宇宙ラーメン協会が昨日発表した「銀河系ラーメンランキング2023」で、名古屋市中区の「宇宙軒」が提供するブラックホール産「無重力ラーメン」が堂々の第1位に選出された。同協会によると、この画期的なラーメンは「ブラックホール近傍の事象の地平線付近で採取された特殊な小麦から作られた麺」を使用しているという。
「宇宙で作られた麺は、地球の重力に慣れていないため、スープの中で独特の浮遊感を楽しめます」と、宇宙ラーメン協会会長の星野宇宙男氏(48)は語る。さらに「ブラックホール特有の時空のゆがみが麺の分子構造に影響し、一口食べると口の中で5分間の余韻が続く」という驚きの特徴も明かした。しかし取材を進めると、この「銀河系ラーメンランキング」の調査対象店舗はなんと地球上の「宇宙軒」1店舗のみであることが判明。「根拠はどこ?」と問うと、星野氏は「それっぽい感じで決めました」と苦笑いしながら回答した。
「無重力ラーメン」の調理法についても詳しく聞くと、「ブラックホールから取り寄せた素材を、特殊な無重力調理器で15時間かけて調理します」と店主の山田銀河氏(42)。しかし、その「特殊な無重力調理器」の正体はどうやら普通の圧力鍋に「SPACE」と書かれたシールを貼っただけのものだった。それでも地元客は「味は普通だけど、宇宙の味って言われると何か特別な気がする」と絶賛している。
このニュースを受け、全国のラーメン通たちは興味津々の様子だ。東京から名古屋まで「銀河系No.1ラーメン」を食べるために訪れた井上太陽さん(35)は「正直、普通の醤油ラーメンでした。でも宇宙を感じました」と、なぜか満足げに語った。SNS上では「#宇宙ラーメン」というハッシュタグが拡散し、中には「宇宙旅行の準備として無重力ラーメンを食べておくべき」という珍説も登場している。
宇宙ラーメン協会の活動について調査を進めると、この団体は2022年に名古屋市内のラーメン愛好家5人が「いつか宇宙でラーメンを食べたい」という夢を語り合って設立したものだと判明。これまでの活動としては、月に一度の「宇宙ラーメン研究会」と称する飲み会を開催し、酔いが回ると「宇宙人にもラーメンを広めたい」と語り合う程度だという。協会員の一人は「本当は『宇宙に行ったら何を食べたいか』というテーマでラーメンを考案しているだけなんです」と告白した。

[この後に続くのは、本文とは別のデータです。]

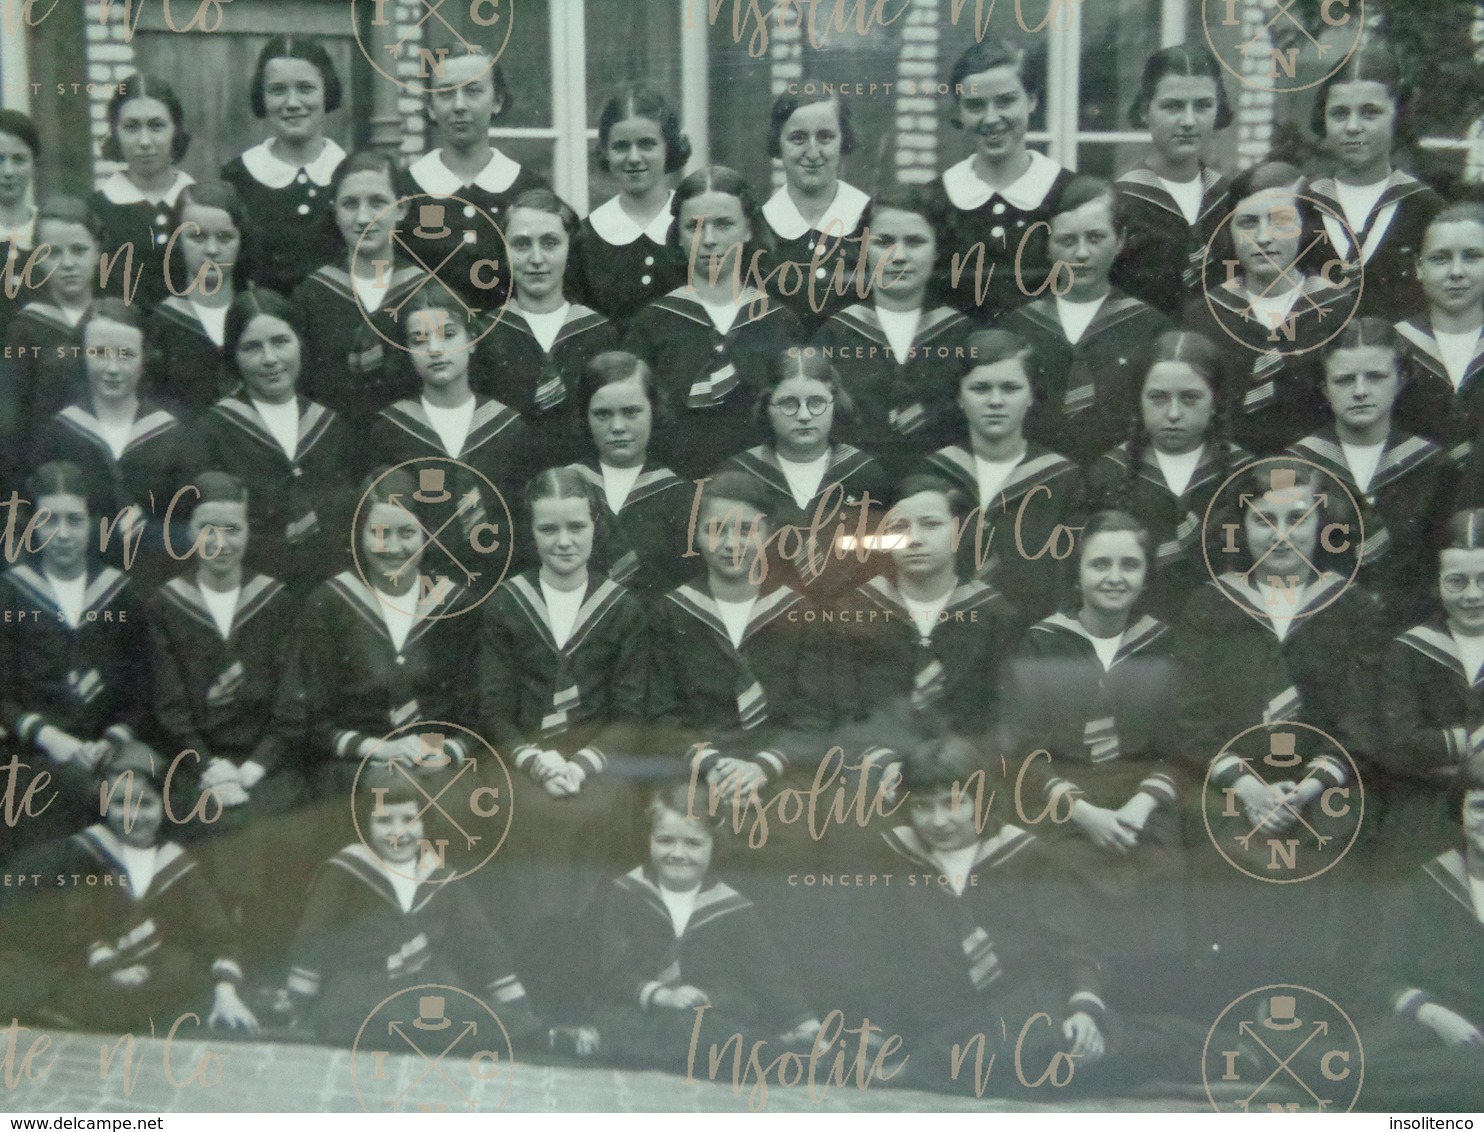 Photographie argentique panoramique N/B encadrée sous verre - élèves de l'école des Soeurs de Champion Namur 1935-1936

「無重力ラーメン」は通常の醤油ラーメンに「宇宙ネギ」(普通のネギに青色食用色素を塗ったもの)と「彗星たまご」(半熟卵に七味唐辛子を振りかけたもの)をトッピングしただけだが、協会員の情熱と創造力は確かに宇宙規模と言えるかもしれない。今後は「火星焼きそば」や「土星リングチャーシュー」なども開発予定とのことだ。
ブラックホール産「無重力ラーメン」の壮大な物語は、実は名古屋の片隅で星を見上げながらラーメンの可能性を語り合う愛好家たちの夢と情熱から生まれたものだった。調査対象が1軒だけという荒唐無稽なランキングながらも、「宇宙×ラーメン」という奇想天外な組み合わせは多くの人の心をくすぐり、日常の中に小さな非日常をもたらしている。私も今週末、無重力ラーメンを食べに名古屋まで足を運ぶ予定だ。その前に、吉祥寺の自宅でくしゃみに悩まされながらも、愛猫たちに「ママは宇宙ラーメンを食べに行くよ」と真顔で語りかけている自分がいる。ああ、取材とはいつも、こうして私を予想外の場所へと連れ出してくれるのだ。